**TASK REQUIREMENTS**:
Excluding images, repeat the data exactly as given.

**PROVIDED MATERIAL**:
- - - - -
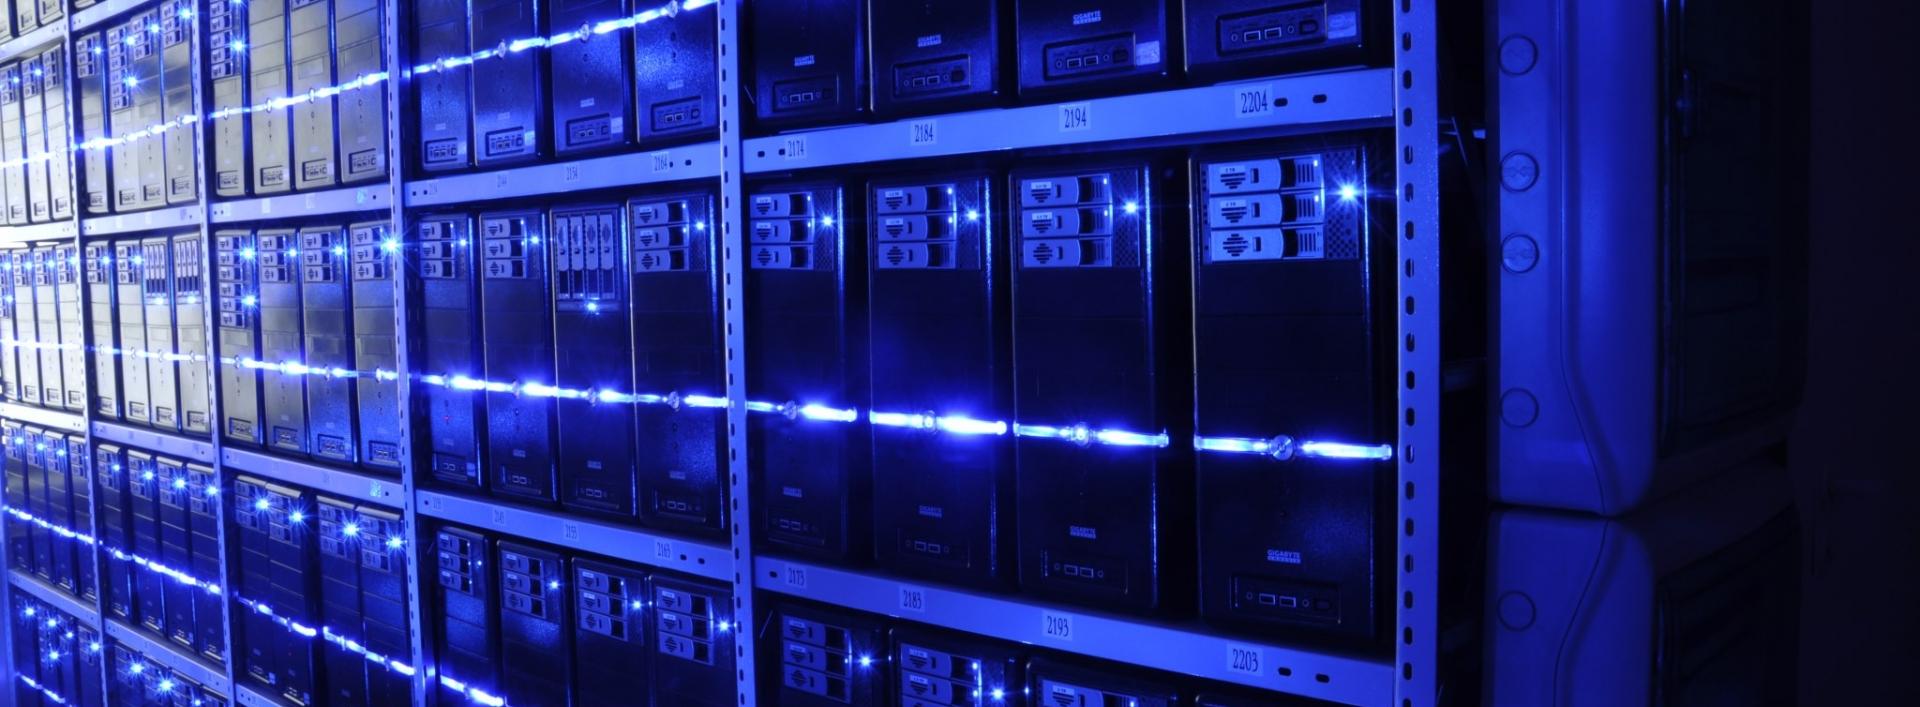 Racks of servers with blue lights
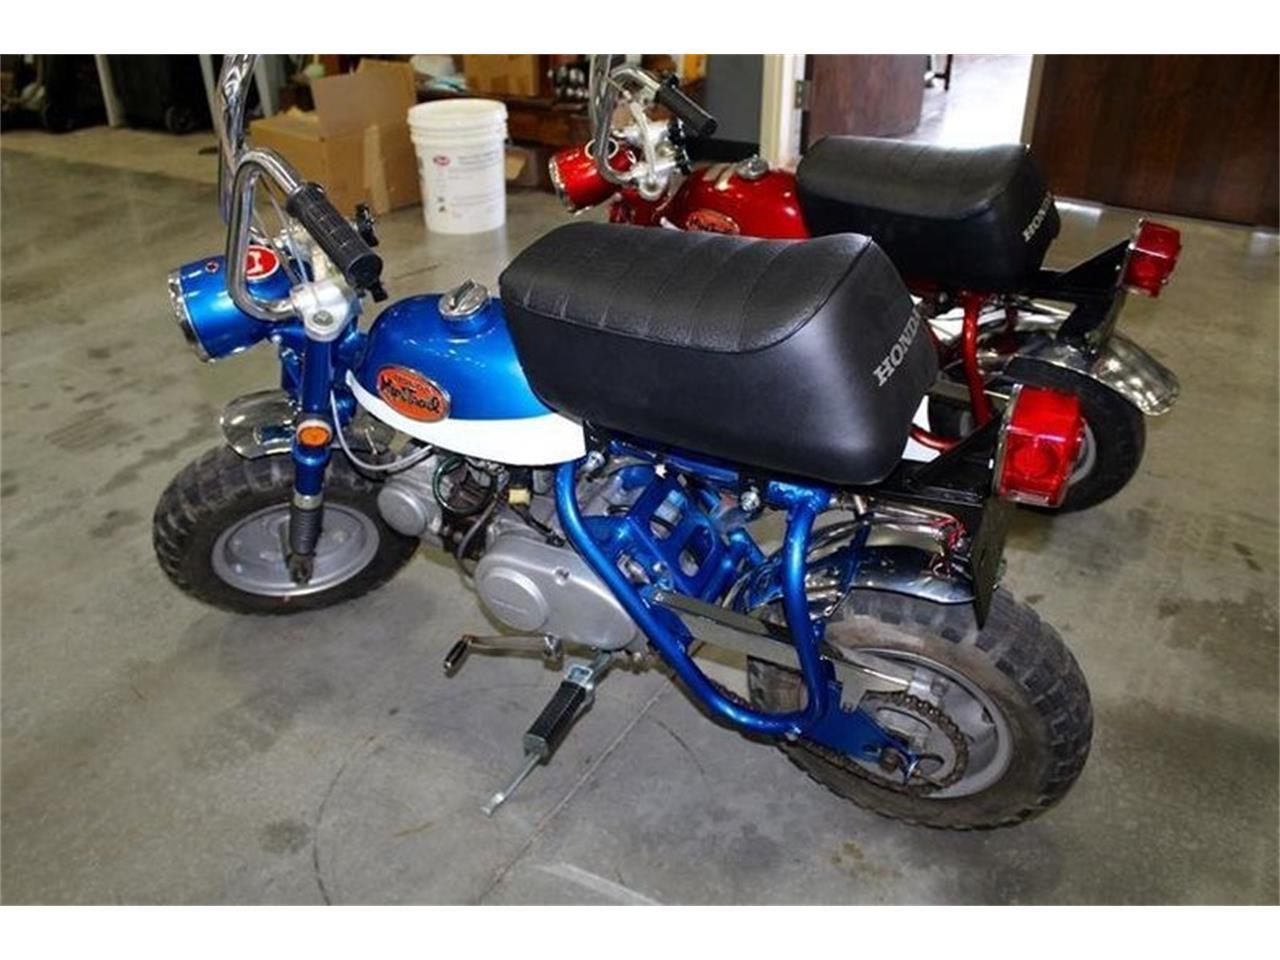 1971 Honda Motorcycle (CC-1165483) for sale in Sarasota, Florida
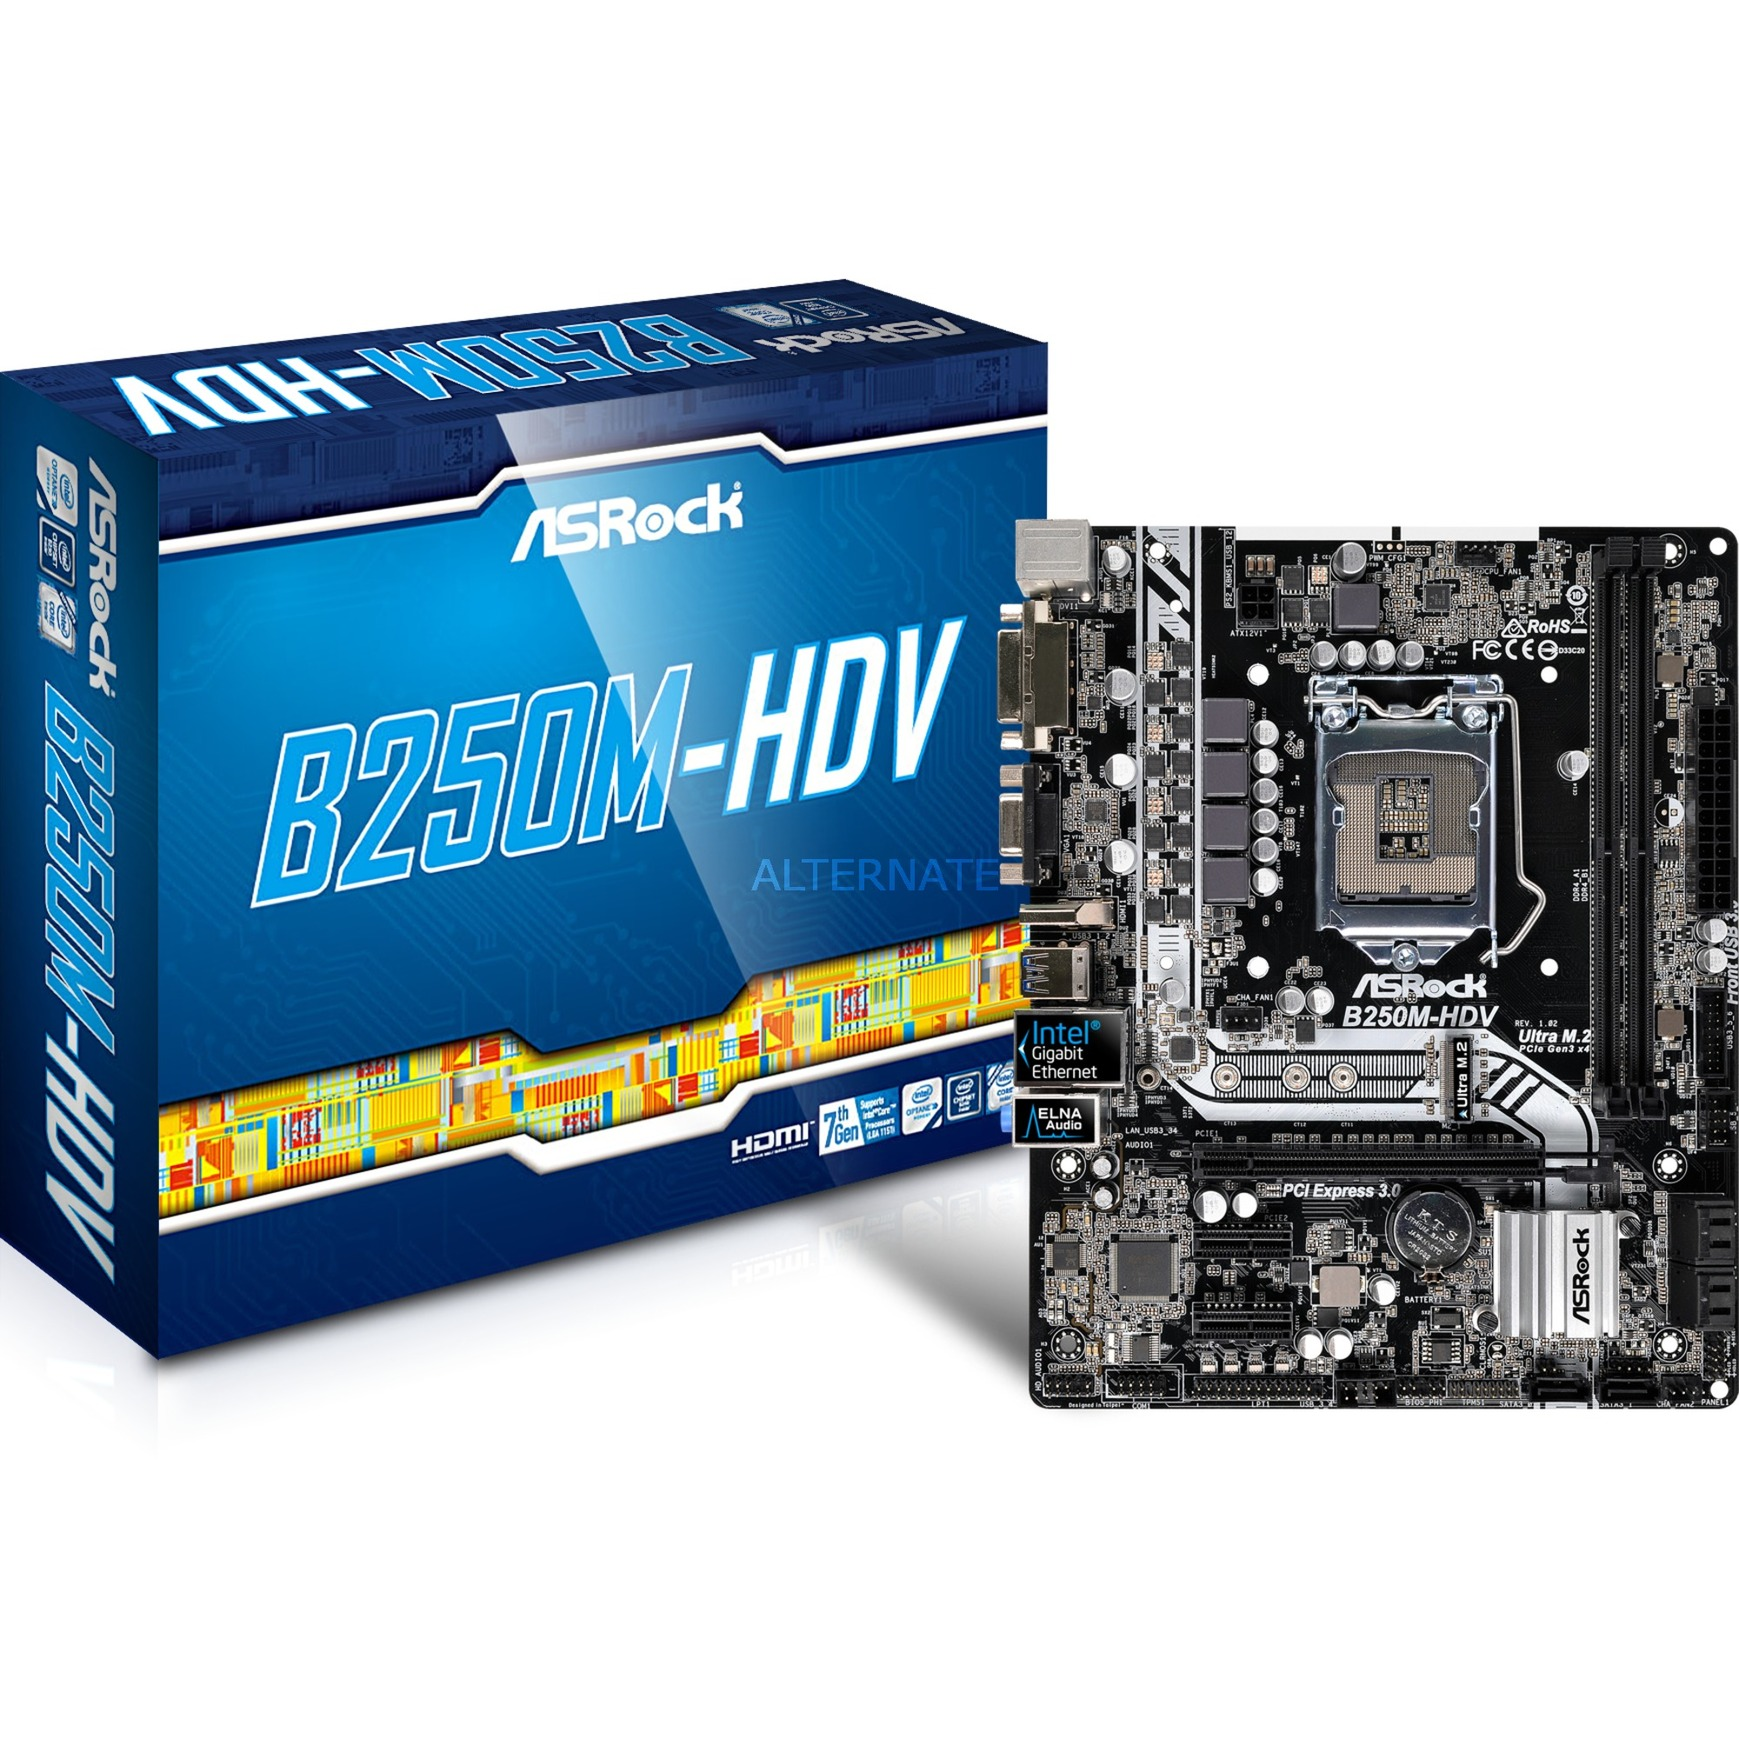 B250M-HDV Intel B250 LGA 1151 (Socket H4) microATX placa base
- - - - -
**SOLUTION**:
 Racks of servers with blue lights
 1971 Honda Motorcycle (CC-1165483) for sale in Sarasota, Florida
 B250M-HDV Intel B250 LGA 1151 (Socket H4) microATX placa base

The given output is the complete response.